Game engines of tomorrow
So Mack sent me this video of the new CryTek engine, CryEngine 3 (ok, not the most original name for an engine) and I was blown away. The last time I was this impressed with a tech video was back when Source was debuted and they showed off the new G-Man. Which got me to thinking about game engines in general. The last excellent engine was Source, and looking at the visuals of L4D2 it’s still a top notch engine. I feel like this is the first engine to challenge that supremacy, though I’m not sure it will in the end. Granted I have no clue what the specs on this are at this point, but if we consider that Valve’s technology is modular, which allows Source games to still look great with each new iteration and keeping the base of the software intact, I think Source wins overall.
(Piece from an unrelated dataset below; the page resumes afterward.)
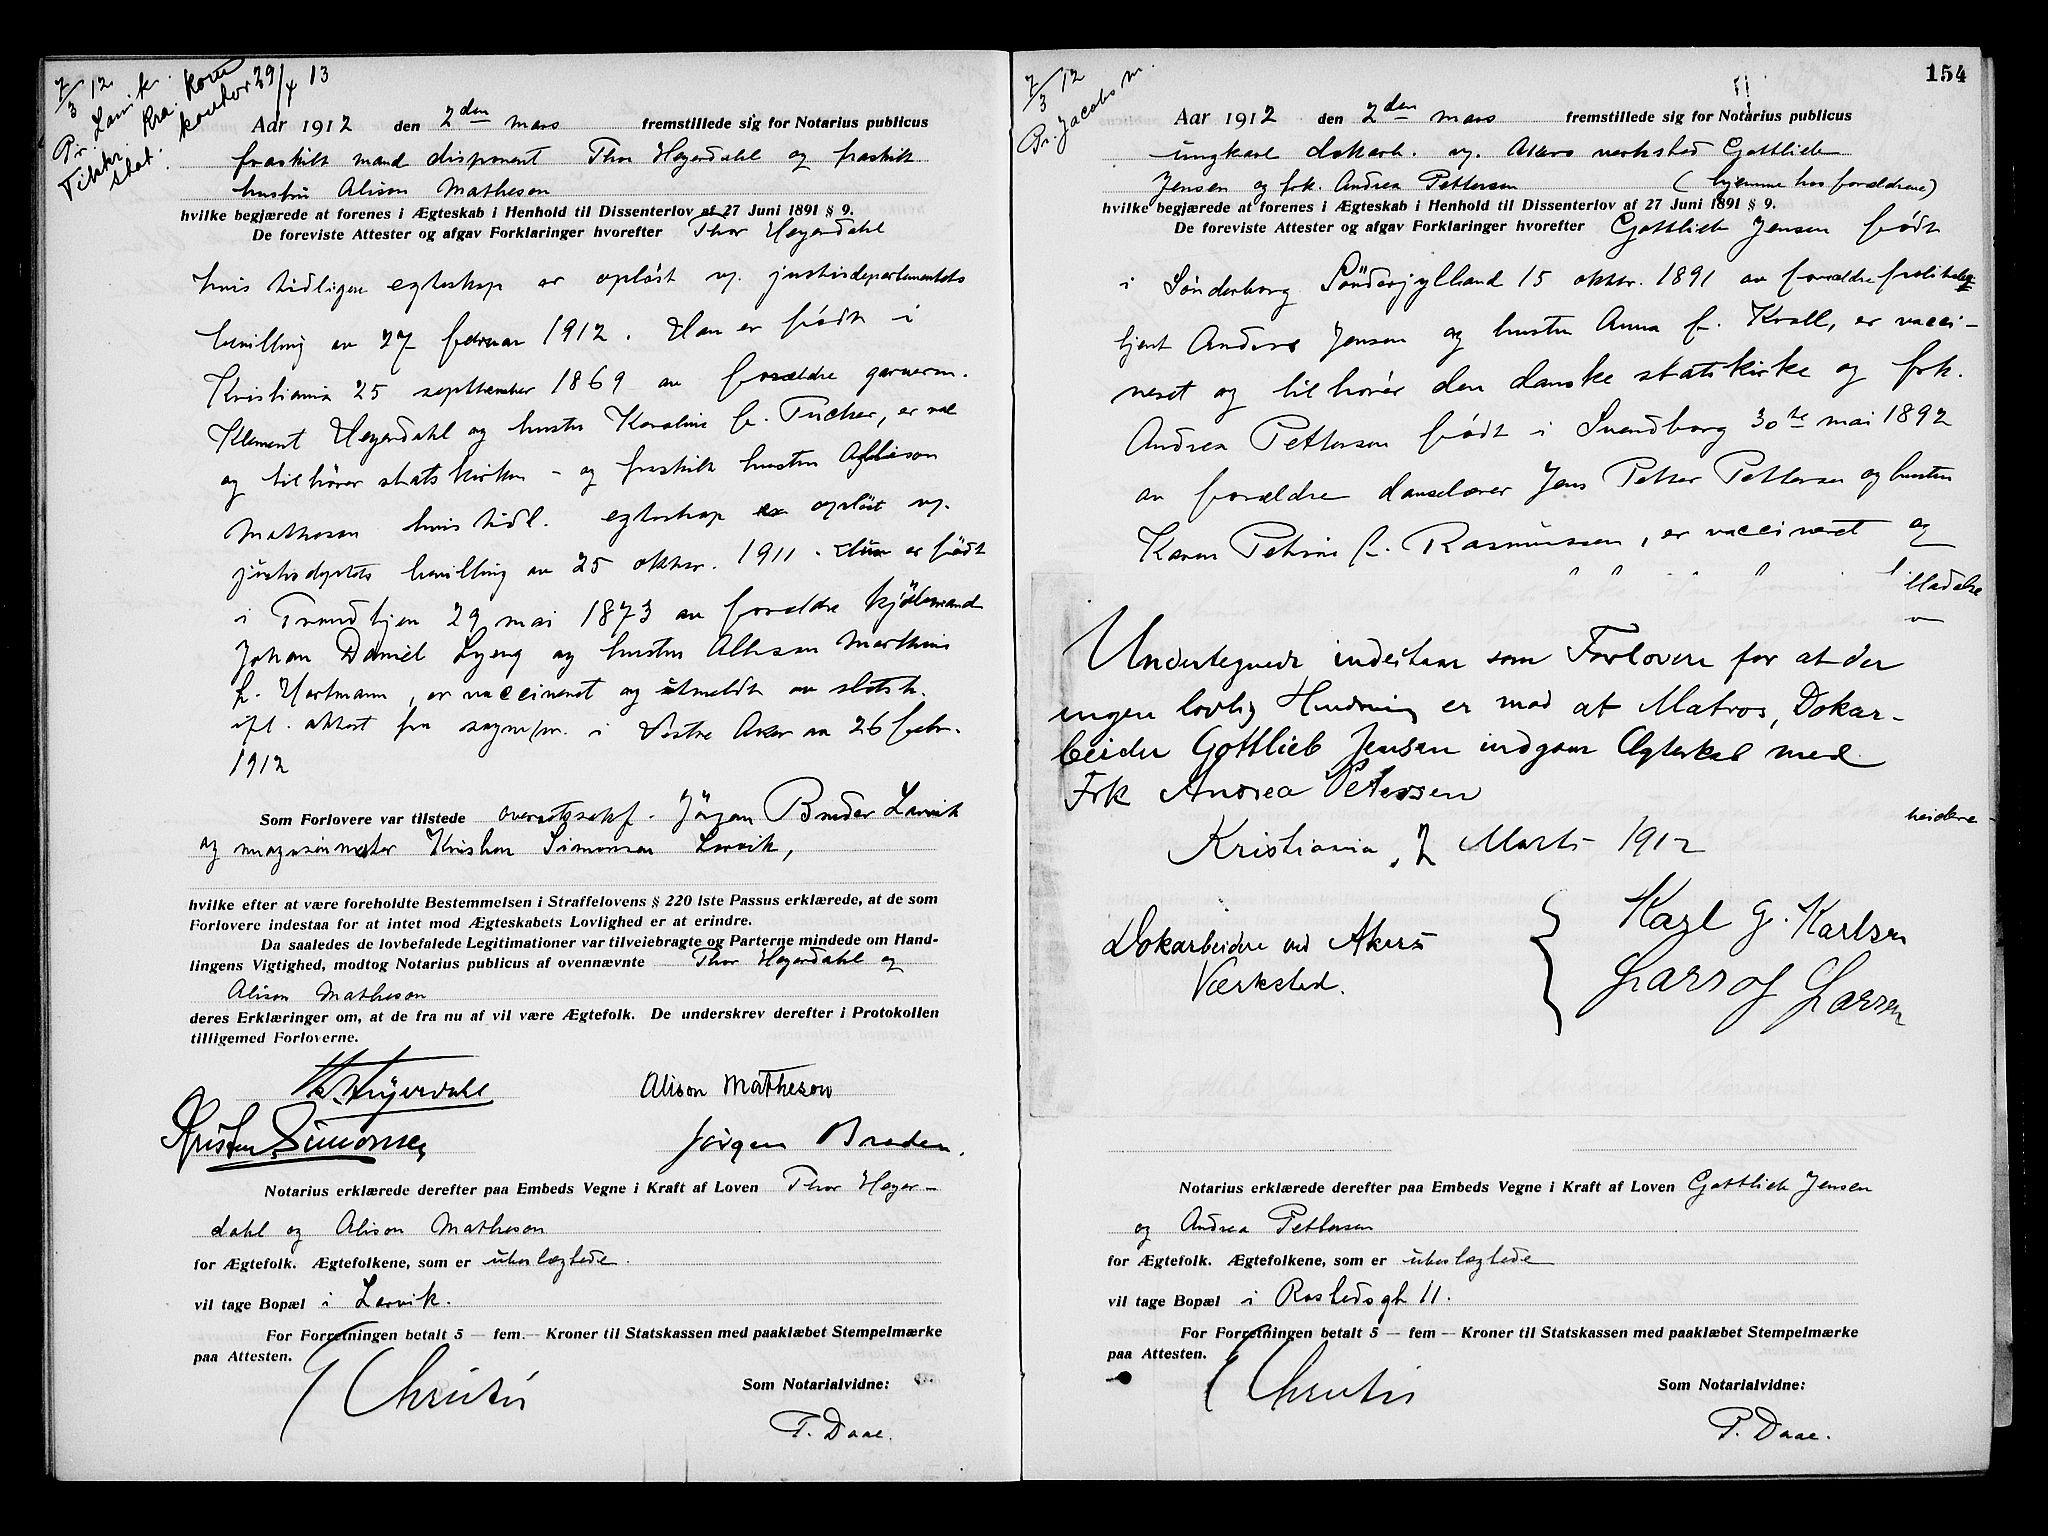 SAO, Oslo byfogd avd. I, L/Lb/Lbb/L0008: Notarialprotokoll, rekke II: Vigsler, 1911-1913, s. 153b-154a

As it is, CryTek had to make a whole new engine to make these impressive visuals. Valve’s next game will be the deciding factor I suppose, but let’s face facts: it took the industry about 5 years to finally catch up to, and possibly surpass Source. Notch up another epic win for Valve.






I can’t wait to see Serious Sam 3. SS: HD will not be a good showcase of the Serious 3 engine. Croteam did a really good job with the Serious 1 engine. There is still no engine except the Serious line that does infinite horizons (you can run at the horizon and never run into a bounding box). Tight code and a ton of features has always been a hallmark of that line. Too bad Serious Sam 1 & 2 were not better games.
The CryTek 1 engine was also feature rich and tight code. CryTek 2 blew. It required way too much machine. It looks like they’ve decided to go back to creating an engine that can produce amazing effects without needing a beowulf cluster to run. Still, you can definitely tell when they switch to PC hardware in the tech video and which are console.